I threw it a way. Big cavity, for the record. I also didn't inherit his dental resilience, most of my mouth inhabited by crowns.

There were coins, a pair of cuff links, and seemingly every dog license tag they ever had, from like 1931 to 1955. The tags are gone now. Fascinating in a way, but I couldn't see the value in keeping them.

I did pocket a 1918 French franc.

I talked about this with Mitzi when she drove me back from the airport yesterday. She questions the value or utility of having some kind of family history. I wasn't able to make a compelling case to her. For me, it's only been in recent years that I've really become interested. I did do kind of an oral interview with my Uncle Bud in the 90s when he was visiting us in Florida. He was around 80 then, and I wanted to know what life was like for Dad's family in Detroit, where their people came from. I was familiar with Mom's to some extent. We'd spend a couple of weeks each summer on the farm, so I thought I had some idea of what life was like.

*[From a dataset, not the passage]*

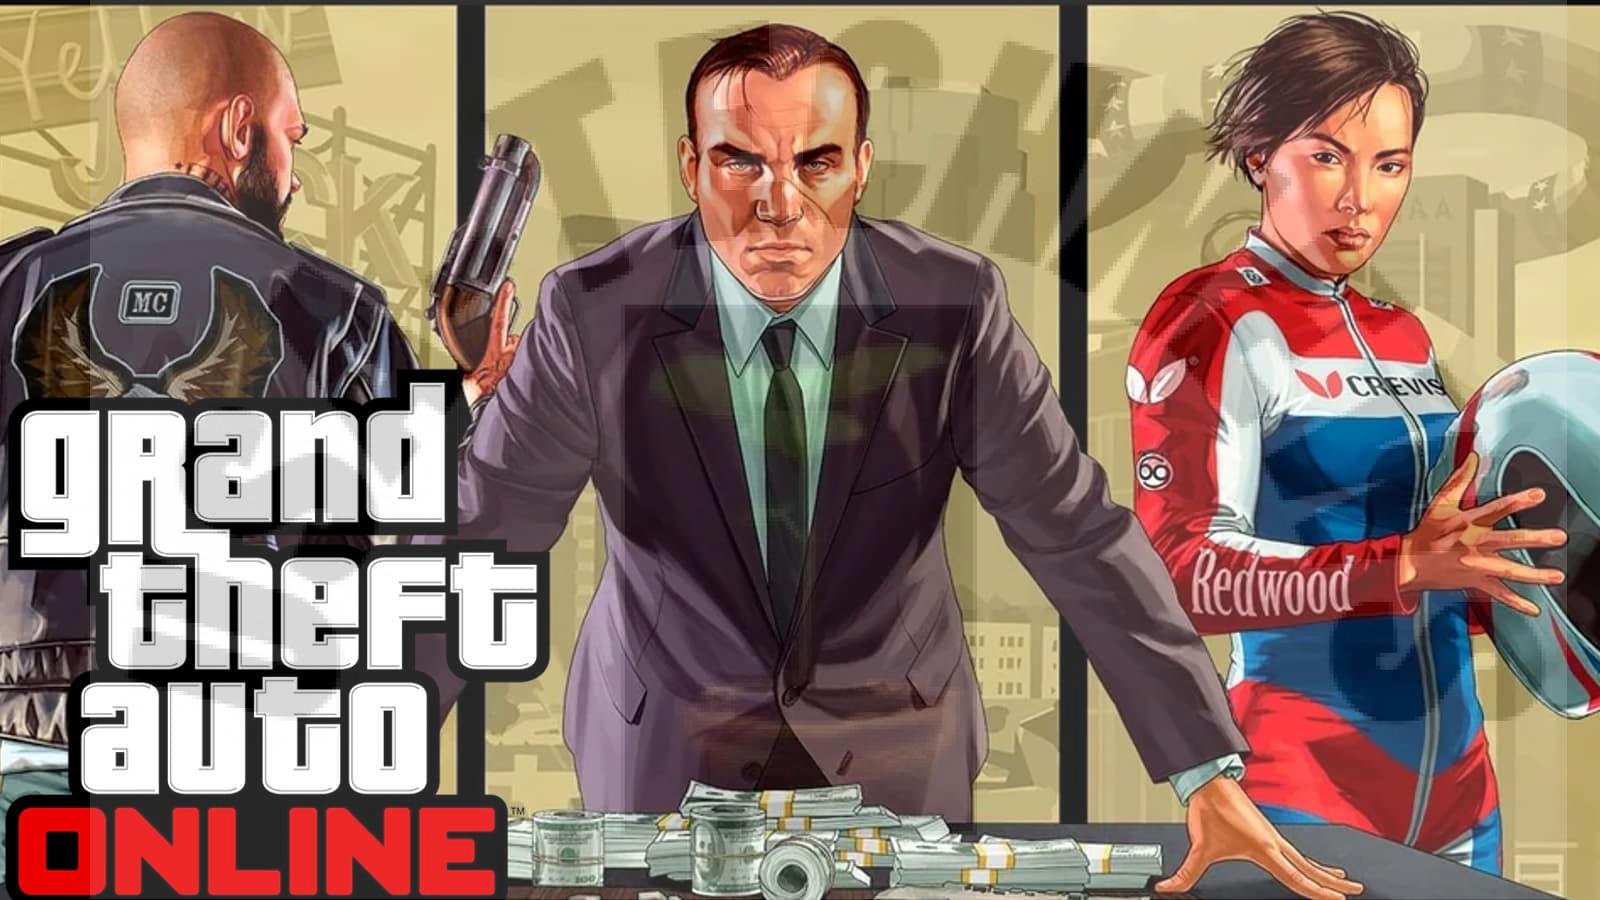 La mise à jour hebdomadaire en ligne de Grand Theft Auto donne à chaque joueur une nouvelle voiture.
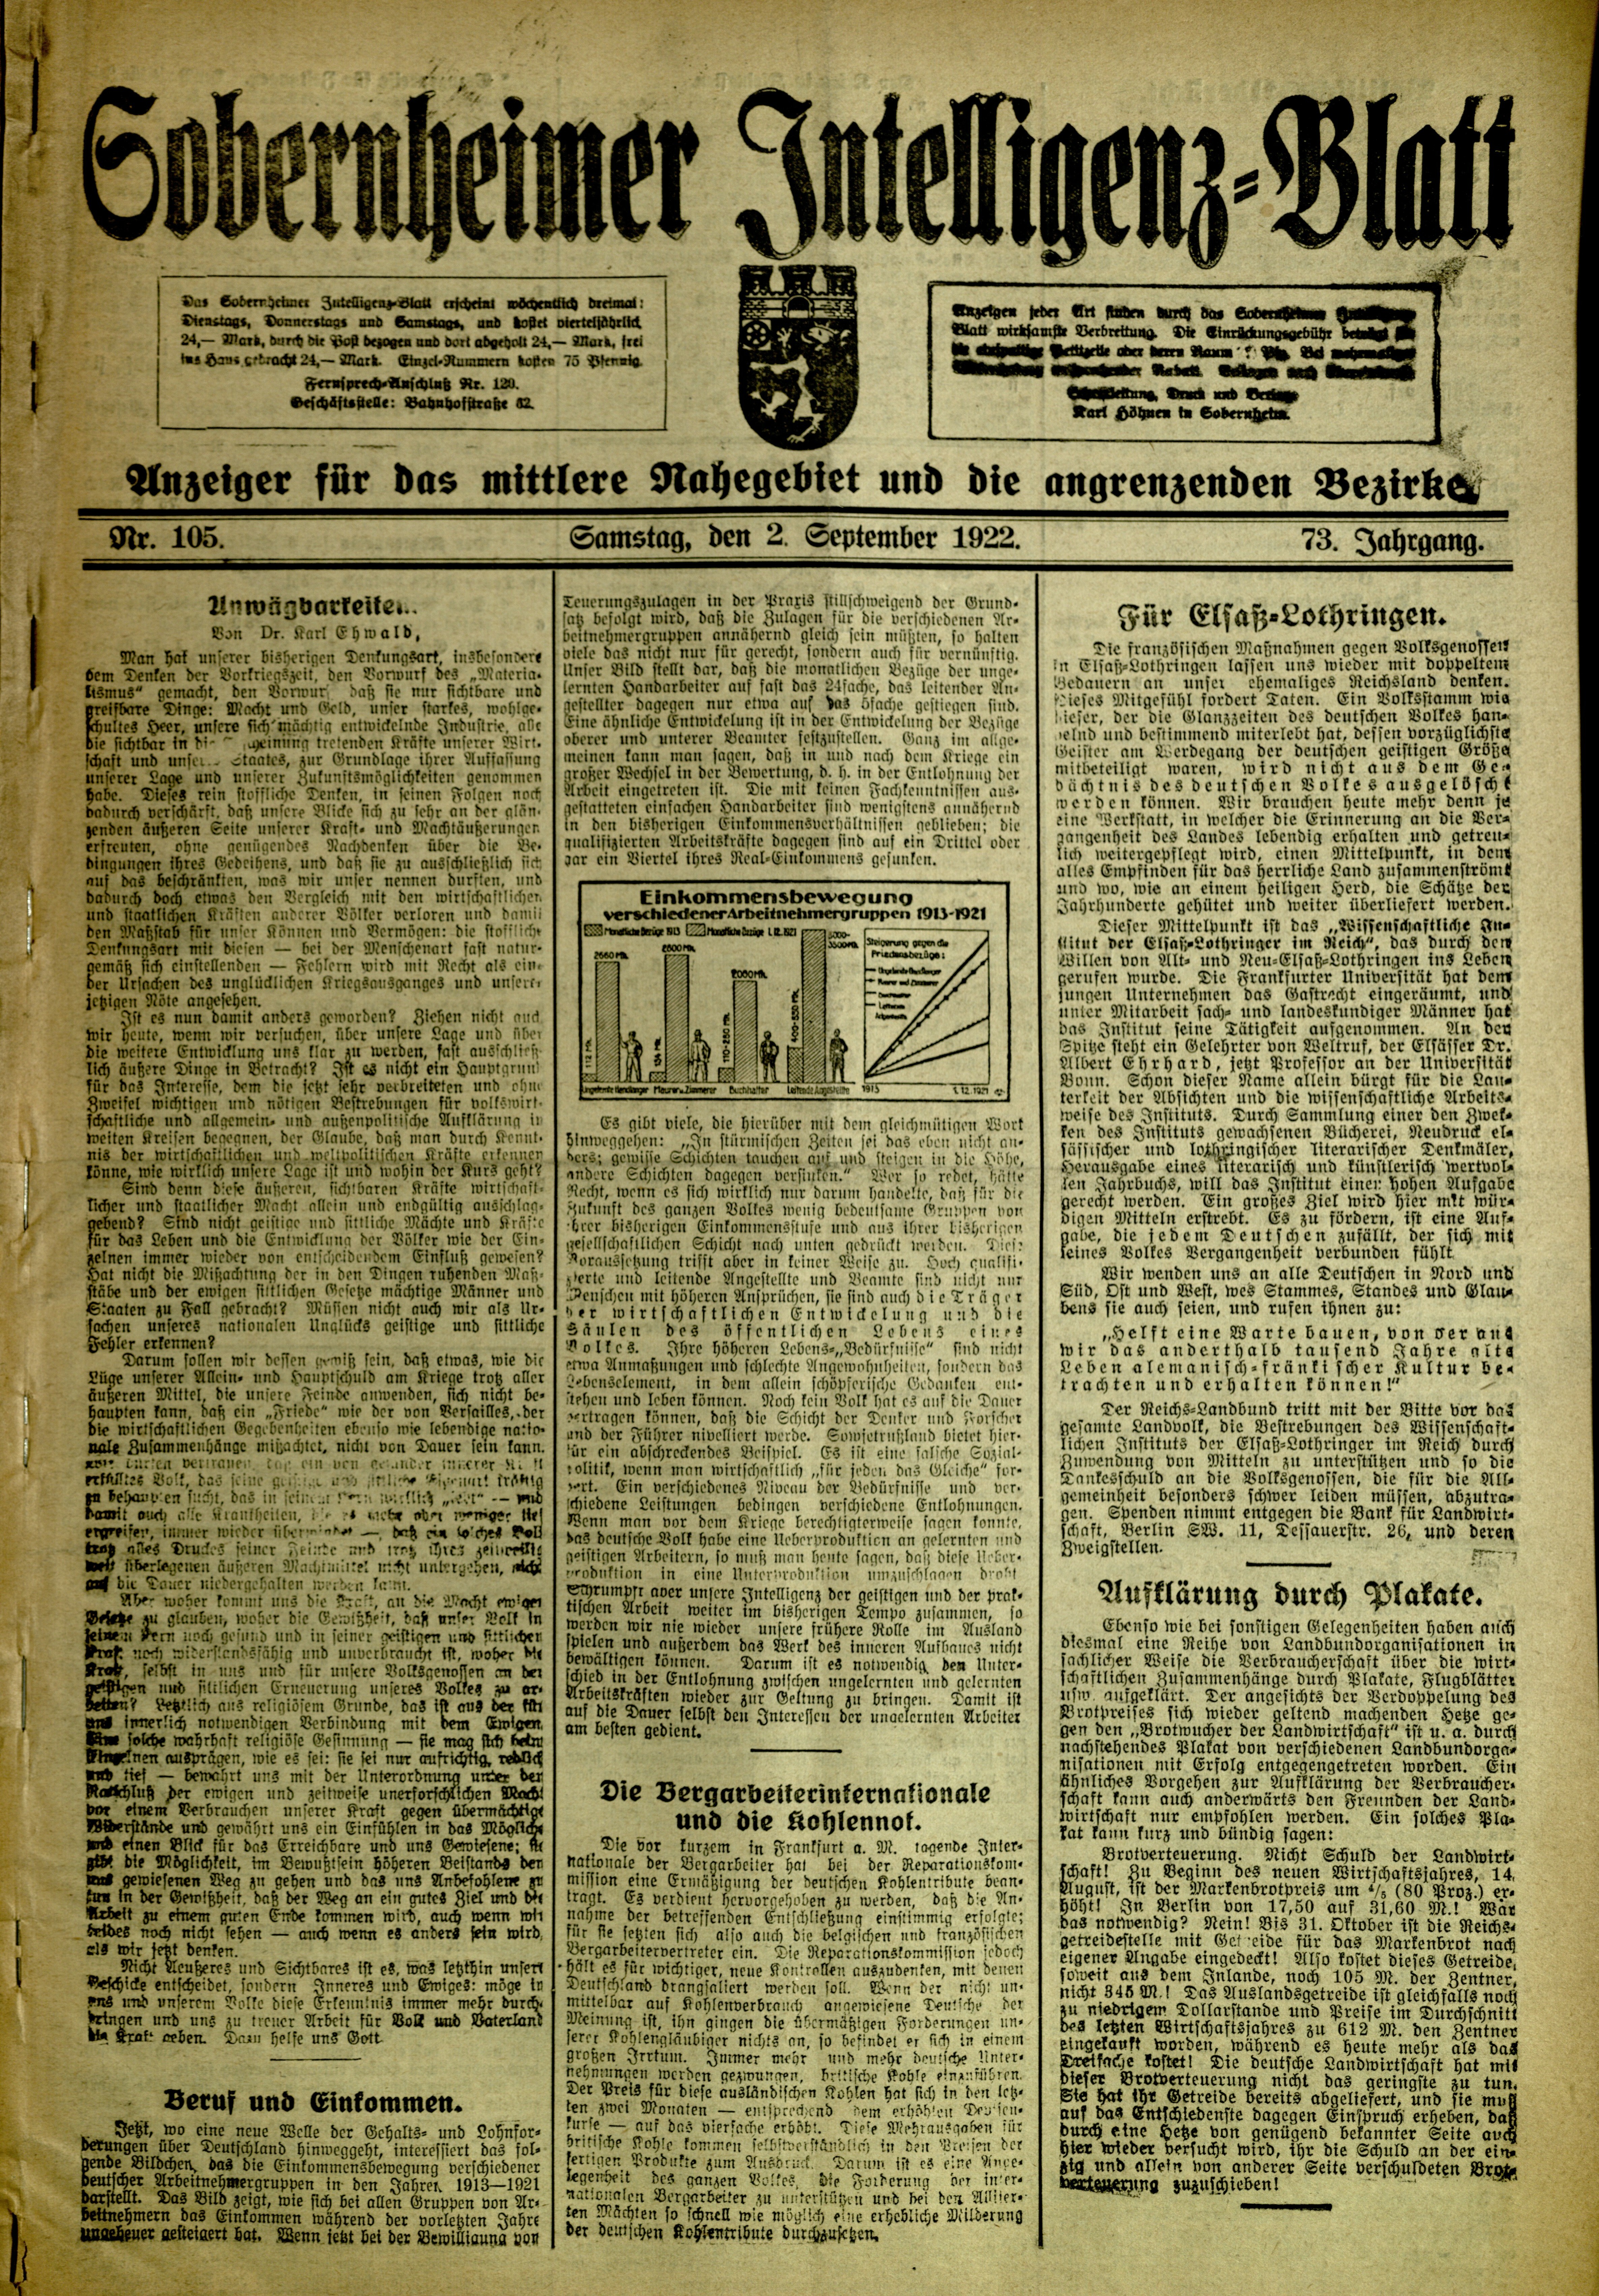 Zeitung: Sobernheimer Intelligenzblatt (September 1950, Jg. 101, Nr. 177) (Heimatmuseum Bad Sobernheim CC BY-NC-SA)

I taped that interview, but the tape lost in the chaos of separation and divorce. I recall some of it, the main thing being my father's father was an itinerant saw mill blade sharpener. And in the winter, when the mills were closed, he'd work odd jobs in Detroit. He died when Dad was 10, and Dad always said his father was "a jack of all trades, master of none." He also said he played guitar and sang in bars, which I thought was cool. Dad didn't play guitar, he took lessons when we were kids, but no. He didn't play guitar. I took lessons too. I did inherit his musical talent.

He did like to sing though.

But since I retired in 2013, and Dad's death in 2014, I've been more interested in my family history, and history as a whole, given the seemingly relentless march to catastrophe we're undertaking today.

I've been studying the history of electricity, and asking Mom what it was like before they got power to the farm in 1944, when she was 11. It may be the case that my grandchildren will be living some part of their lives without the benefit of electricity one day.

Anyway, one thing I do know is that we come from humble origins. Farmers and tradespeople, laborers and office workers. No professionals. No politicians. No career military of high rank. I guess we've moved up a bit now. Not a lot, but some. My kids' mom is a lawyer. I was a career naval officer. My kids are tradespeople, office workers, managers. My daughter-in-law is a an APRN with a PhD, working in the intensive care unit at Mayo Clinic. That's quite an achievement, and she's a remarkable young woman. We're all very proud of her.

I don't know that it's important to know where you come from. Certainly it wasn't an aching question demanding an answer during the rush of career and family in the early and middle part of my adulthood. But now, as the hour grows late and I have both more time and less time, it's a question that seems to want an answer.